Apple held a short presentation tonight to introduce its first M3 SoCs — built with the same three-nanometre process as its A17 Pro chip in the iPhone 15 Pro — and updated Macs which use those chips: a refreshed iMac and MacBook Pro line. Aside from the SoC, there appears to be little new in either line; the MacBook Pro’s display is a little brighter, and there is a new darker grey finish for M3 Pro and M3 Max models.

Perhaps the most curious part of these new Macs is that Apple is pitching them specifically to people who own Intel models — or, in the words of John Ternus, anyone “still” using a computer Apple stopped selling just two years ago. Of course, these are significant upgrades from comparable Intel models; whether you believe the 24-inch iMac is comparable to a 27-inch 5K model, on the other hand, is a matter of interpretation. I do not think it is, and Apple’s insistence that it is “the perfect size and resolution to replace both the 4K and the 5K” Intel iMacs is robbing me of any hope of a larger version to eventually replace my 5K model.

The rumour mill was a curious beast this time around. Just two weeks ago, Mark Gurman said there would be no new Macs this month, with the earliest M3 Macs coming out “between early and spring 2024”. In the next newsletter, however, Gurman reversed his predictions, claiming new iMacs and MacBook Pro models would be launched soon. Then, after Apple announced this presentation last week, Ming-Chi Kuo said new M3-based MacBook Pros would be its focus.

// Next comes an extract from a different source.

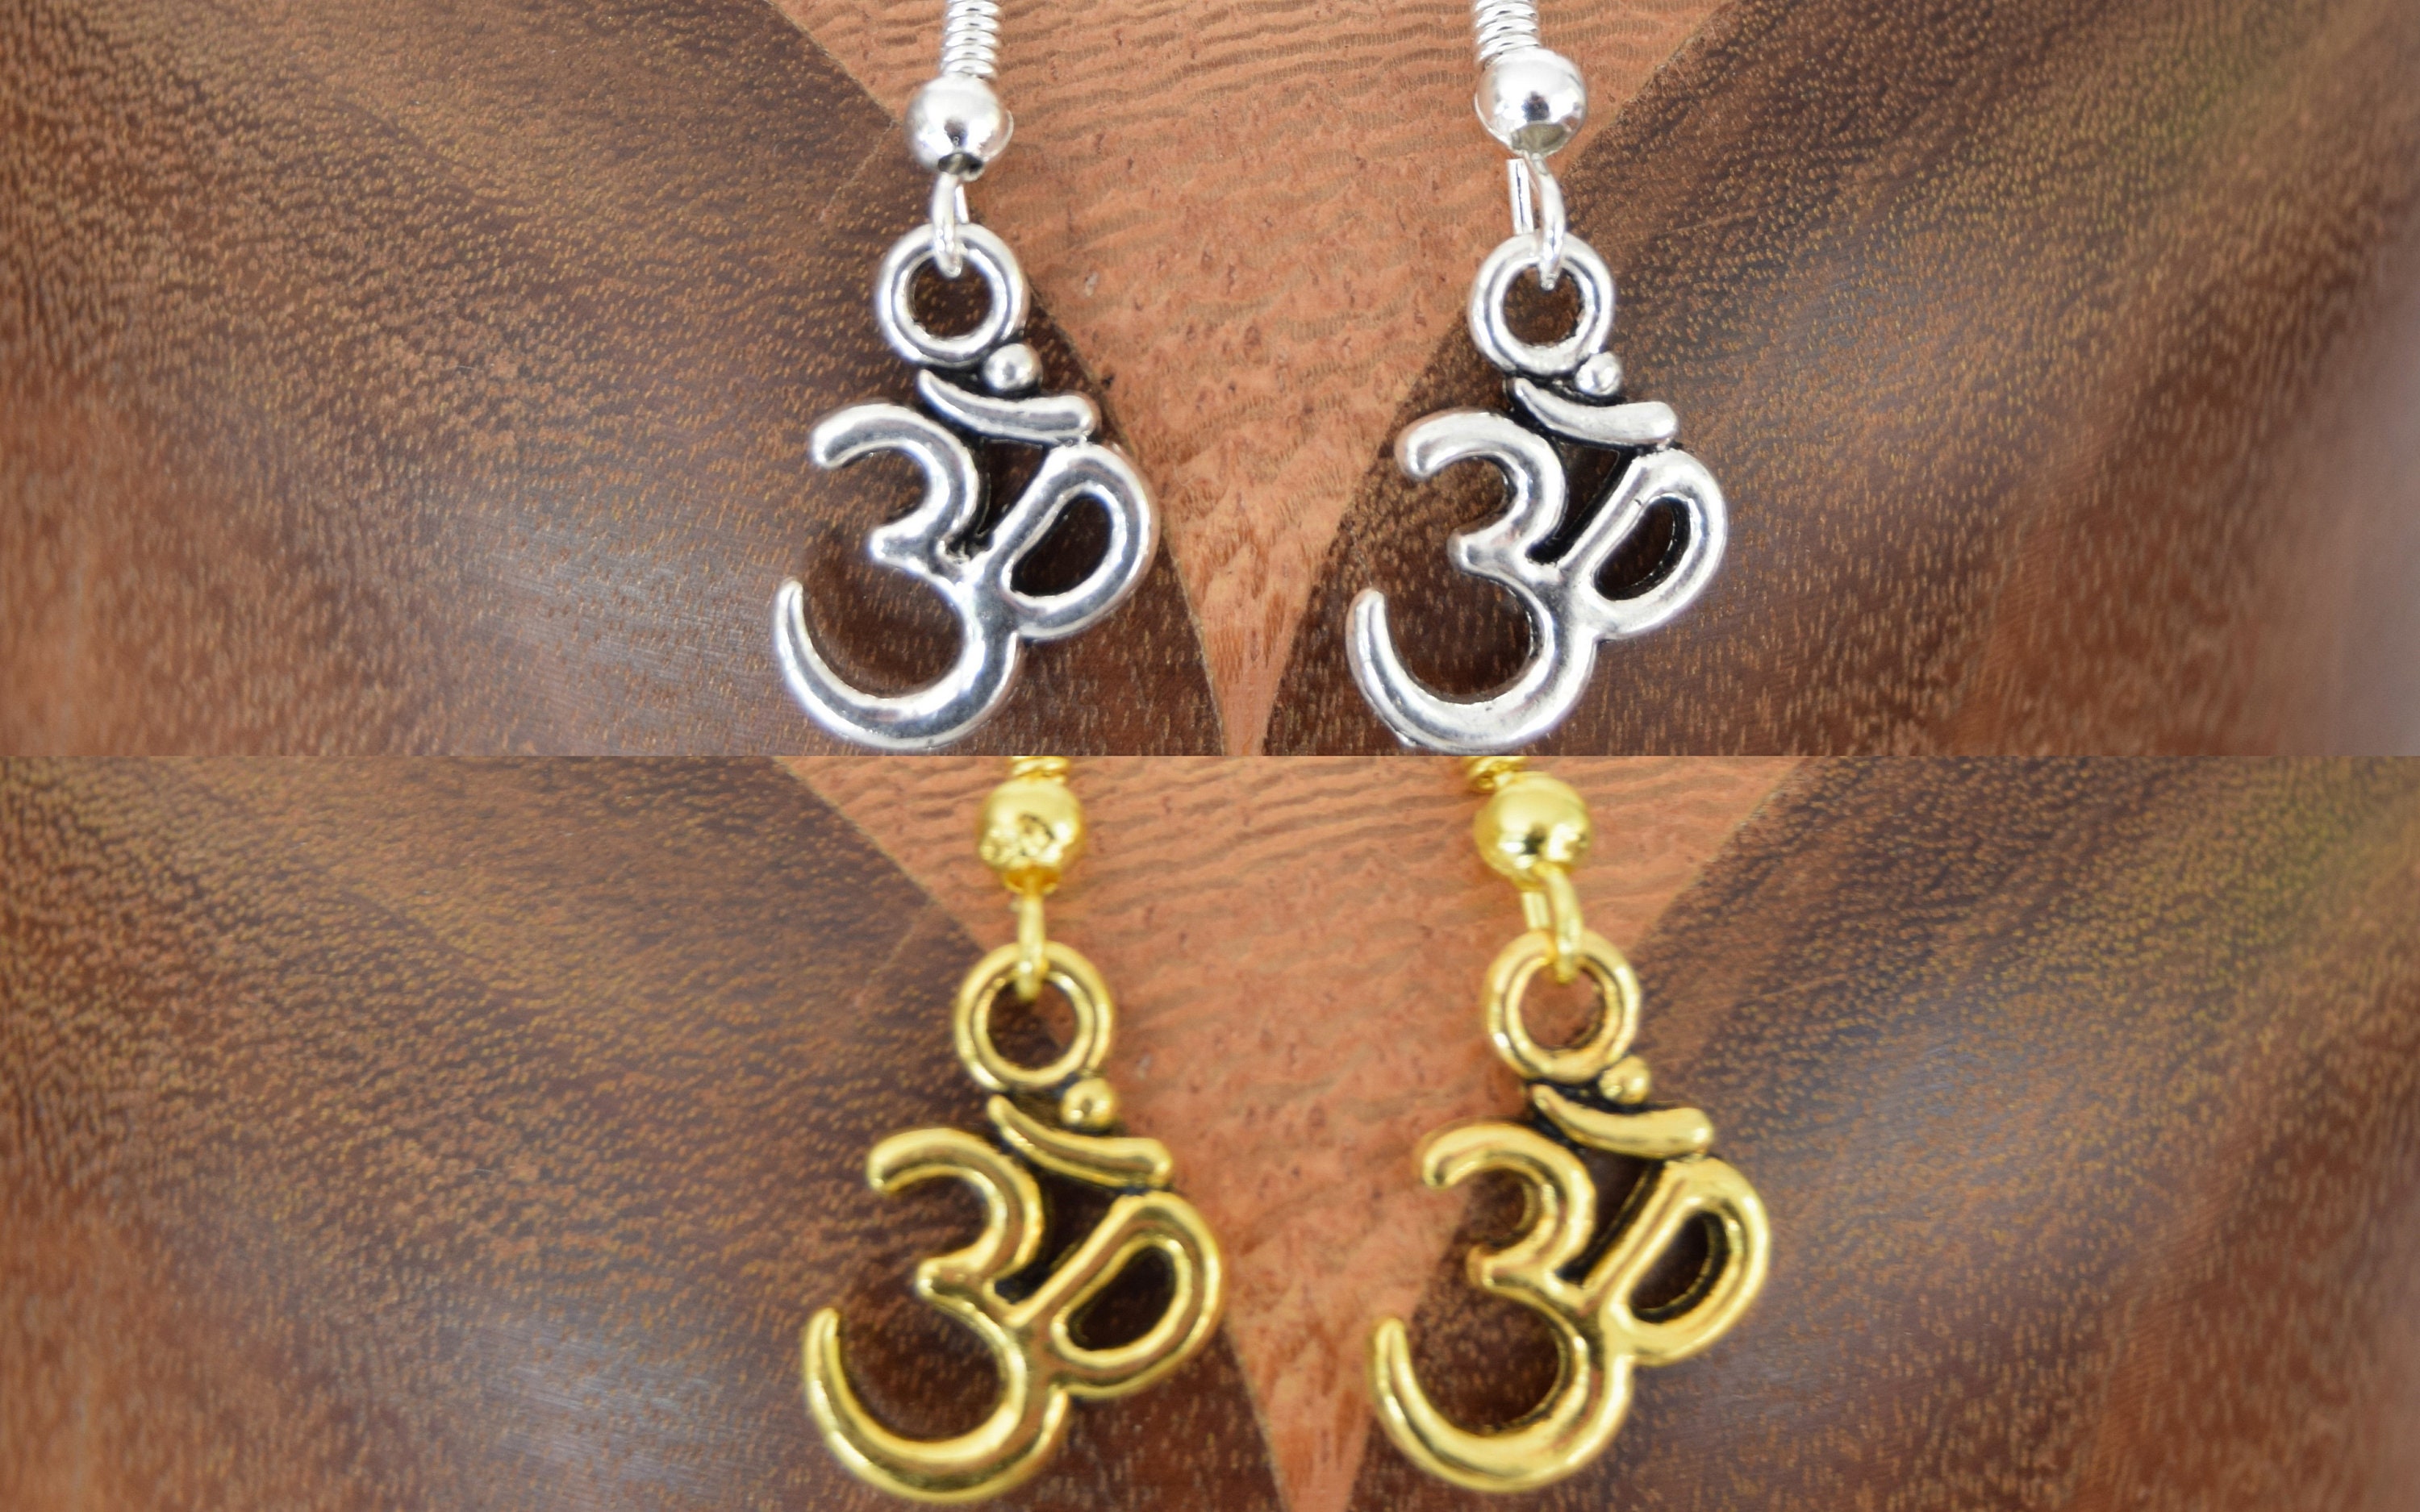 Share 133+ om earrings gold super hot

Gurman said a lower-cost model of the MacBook Pro featuring the base M3 chip would not be launched until next year, and claimed the new iMac’s accessories would have USB-C ports instead of Lightning ports. Also, Ben Lovejoy of 9to5Mac found it “sketchy” that a supposed new MacBook Pro box leaked with a “crude” and “boring” desktop picture.

Kuo was, as it turns out, right. Gurman’s predictions were a mess; there is no way that Apple changed its mind about running this event in the past two weeks. Lovejoy flubbed it.

There was one special treat at the end of the presentation, when Apple noted the entire thing was shot on the iPhone 15 Pro Max — “all presenters, locations, and drone footage”. There was not a single moment when something felt off, or different, or questionable. Of course, just because something is shot with specific equipment, it does not mean what we are seeing in the final edit is entirely from that footage. But I have quietly wondered if Apple would start using its own cameras for these presentations. Now, we have our answer: it just did, and nobody was the wiser until the credits rolled.

Update: Apple has now published a behind-the-scenes look at shooting on iPhones.